Yesaya 58:3 memberi contoh tentang kekeliruan umum lainnya. Orang Israel mengira bahwa Yehuwa berutang budi kepada mereka jika mereka berpuasa, seolah dengan berpuasa, mereka bermurah hati kepada Allah. Mereka bertanya, ”Apa sebabnya kami berpuasa dan engkau tidak melihat, dan kami merendahkan jiwa kami dan engkau tidak memperhatikan?” Demikian pula, dewasa ini banyak orang berpikir bahwa karena berpuasa, mereka dapat mengharapkan suatu tindakan kebaikan dari Allah sebagai balasan. Semoga kita tidak sekali-kali meniru sikap yang tidak berdasarkan Alkitab dan tidak respek seperti itu!
Yang lainnya percaya bahwa mereka bisa mendapat pahala dengan mengalami ketidaknyamanan lewat puasa, mencambuki diri, atau sejenisnya. Firman Allah mengecam gagasan ini, dengan menunjukkan bahwa ’perlakuan keras terhadap tubuh tidak ada nilainya dalam memerangi’ hasrat yang salah.—Kolose 2:20-23.
Pandangan yang Seimbang
Puasa bukan suatu kewajiban; itu juga tidak salah. Hal itu mungkin bermanfaat dalam beberapa keadaan bila berbagai bahaya yang disebutkan di atas dihindari. Namun, puasa bukan hal utama dalam ibadat yang diperkenan. Yehuwa adalah ”Allah yang bahagia”, dan Ia ingin hamba-hamba-Nya bahagia. (1 Timotius 1:11) Firman-Nya sendiri berkata, ”Tidak ada yang lebih baik bagi mereka daripada . . . bahwa setiap orang hendaknya makan dan tentu saja minum serta menikmati hal-hal baik untuk semua kerja kerasnya. Itu pun pemberian Allah.”—Pengkhotbah 3:12, 13.

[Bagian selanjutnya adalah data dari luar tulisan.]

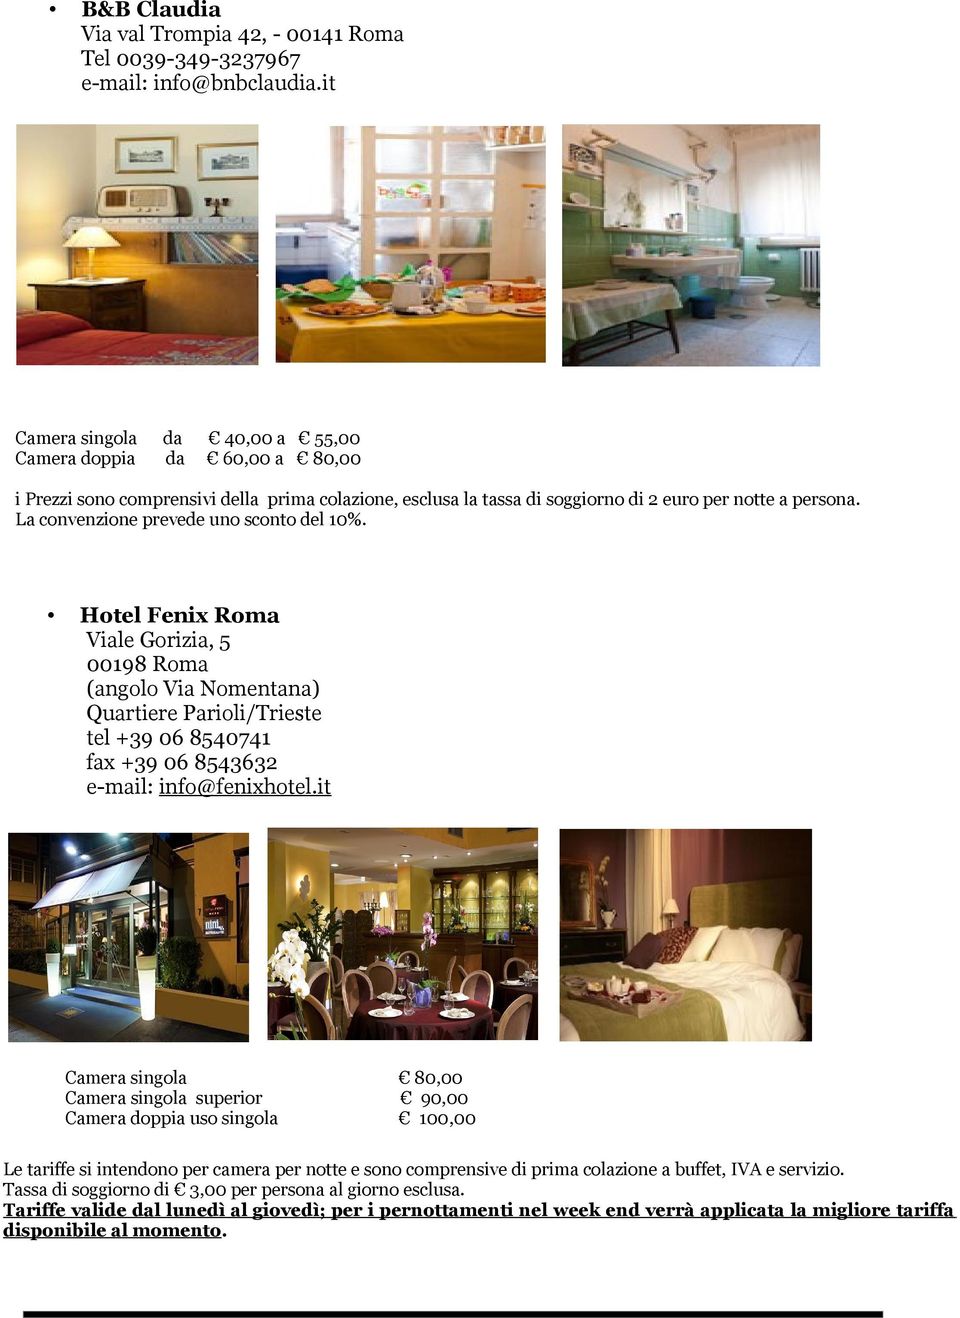 La convenzione prevede uno sconto del 10%. Hotel Fenix Roma Viale Gorizia, 5 00198 Roma (angolo Via Nomentana) Quartiere Parioli/Trieste tel +39 06 8540741 fax +39 06 8543632 e-mail: info@fenixhotel.

Ibadat kita hendaknya dicirikan oleh sukacita, tetapi Alkitab tidak pernah mengaitkan puasa dengan kebahagiaan. Lagi pula, jika berpantang makanan berdampak buruk terhadap kesehatan kita atau menyedot energi kita yang seharusnya digunakan untuk pekerjaan menyukacitakan yang telah dipercayakan oleh Pembuat kita kepada orang Kristen sejati—yaitu menyatakan kabar baik Kerajaan—hal itu justru tidak produktif.

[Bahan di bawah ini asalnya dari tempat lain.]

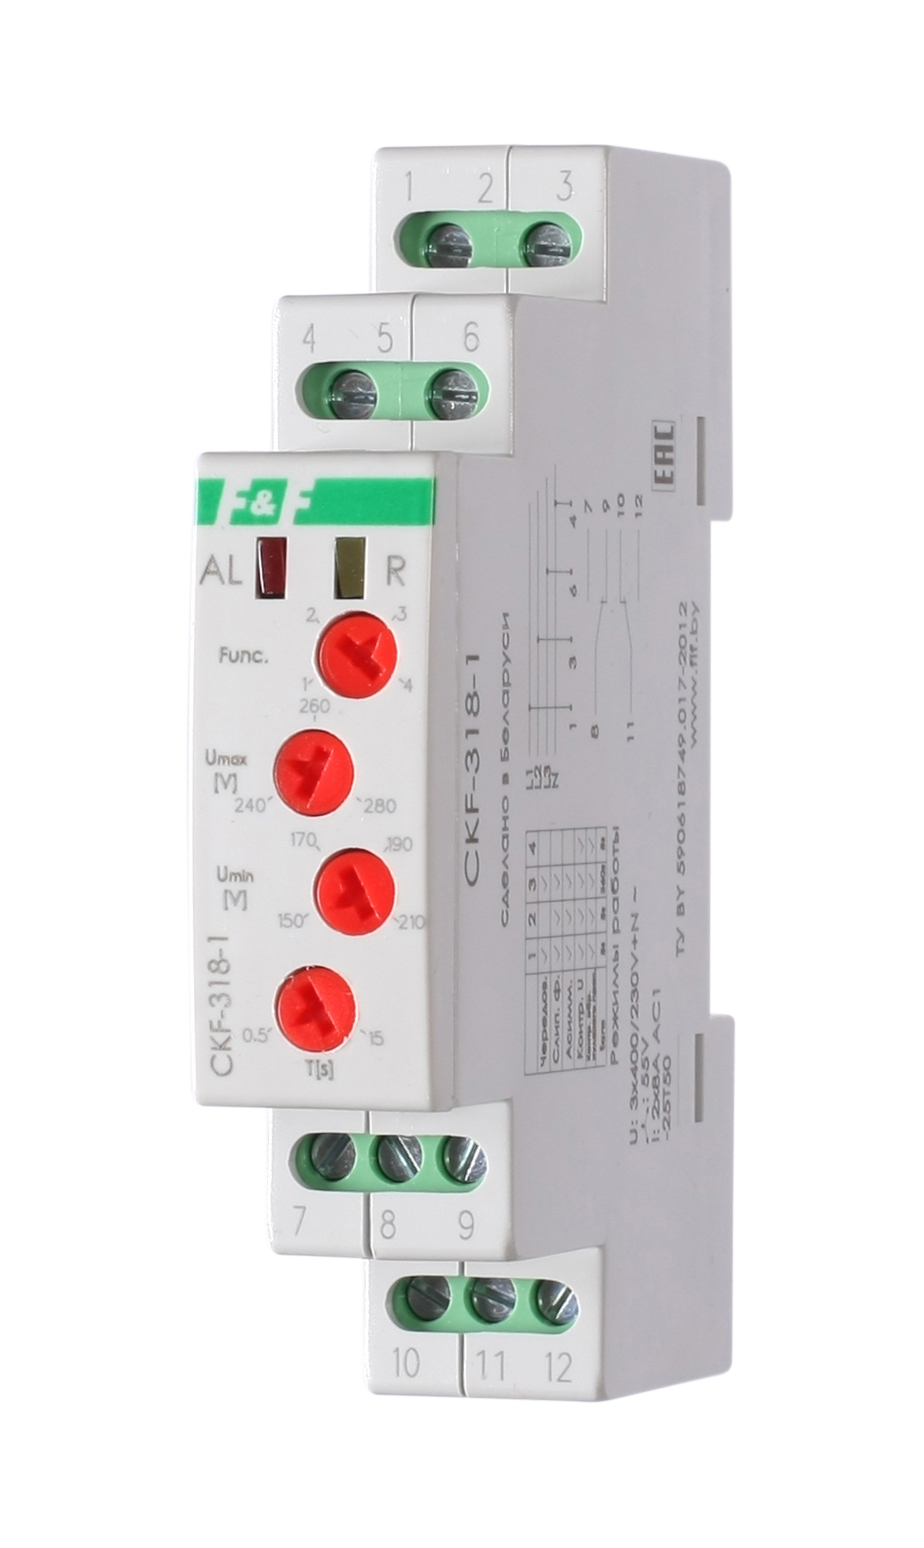 Реле контроля фаз и напряжения CKF-318-1 трехфазное регулируемое, переключение выбора режи реле контроля напряжения tele

Entah kita memilih untuk berpuasa atau tidak, kita hendaknya tidak menghakimi orang lain. Di kalangan orang Kristen sejati, seharusnya tidak ada silang pendapat tentang pokok ini, ”sebab kerajaan Allah tidak berarti makan dan minum, tetapi keadilbenaran, damai, dan sukacita karena roh kudus”.—Roma 14:17.
[Catatan Kaki]
a Puasa yang Ester jalankan tidak diperintahkan oleh Allah, meski tampaknya itu diperkenan. Dewasa ini, Perayaan Purim Yahudi secara turun-temurun didahului oleh Perayaan Puasa Ester.
b Beberapa terjemahan Alkitab memasukkan keterangan palsu tentang puasa, yang tidak muncul dalam manuskrip-manuskrip Yunani yang tertua.—Matius 17:21; Markus 9:29; Kisah 10:30; 1 Korintus 7:5, King James Version.
[Kutipan di hlm. 28]
Orang Farisi memamerkan kerendahan hati sewaktu berpuasa
[Kutipan di hlm. 29]
”Kerajaan Allah tidak berarti makan dan minum, tetapi keadilbenaran, damai, dan sukacita”
[Kotak di hlm. 29]
Bagaimana dengan Masa Prapaskah?
Puasa 40 hari selama masa prapaskah konon untuk memperingati puasa 40 hari yang Kristus lakukan. Tetapi, Yesus tidak pernah memerintahkan murid-muridnya untuk memperingati puasanya, juga tidak ada bukti bahwa mereka menjalankannya. Pernyataan mula-mula yang dapat dipercaya tentang puasa 40 hari sebelum Paskah diperkirakan terdapat dalam surat-surat Atanasius, tahun 330 M.
Fakta bahwa beberapa agama menjalankan puasa selama minggu-minggu sebelum Paskah bisa jadi tampak aneh karena Yesus berpuasa setelah pembaptisannya dan bukan sebelum kematiannya. Namun, puasa 40 hari pada permulaan tahun lazim di kalangan orang Babilonia, Mesir, dan Yunani kuno. Kebiasaan ”Kristen” itu jelas dipinjam dari kebiasaan mereka.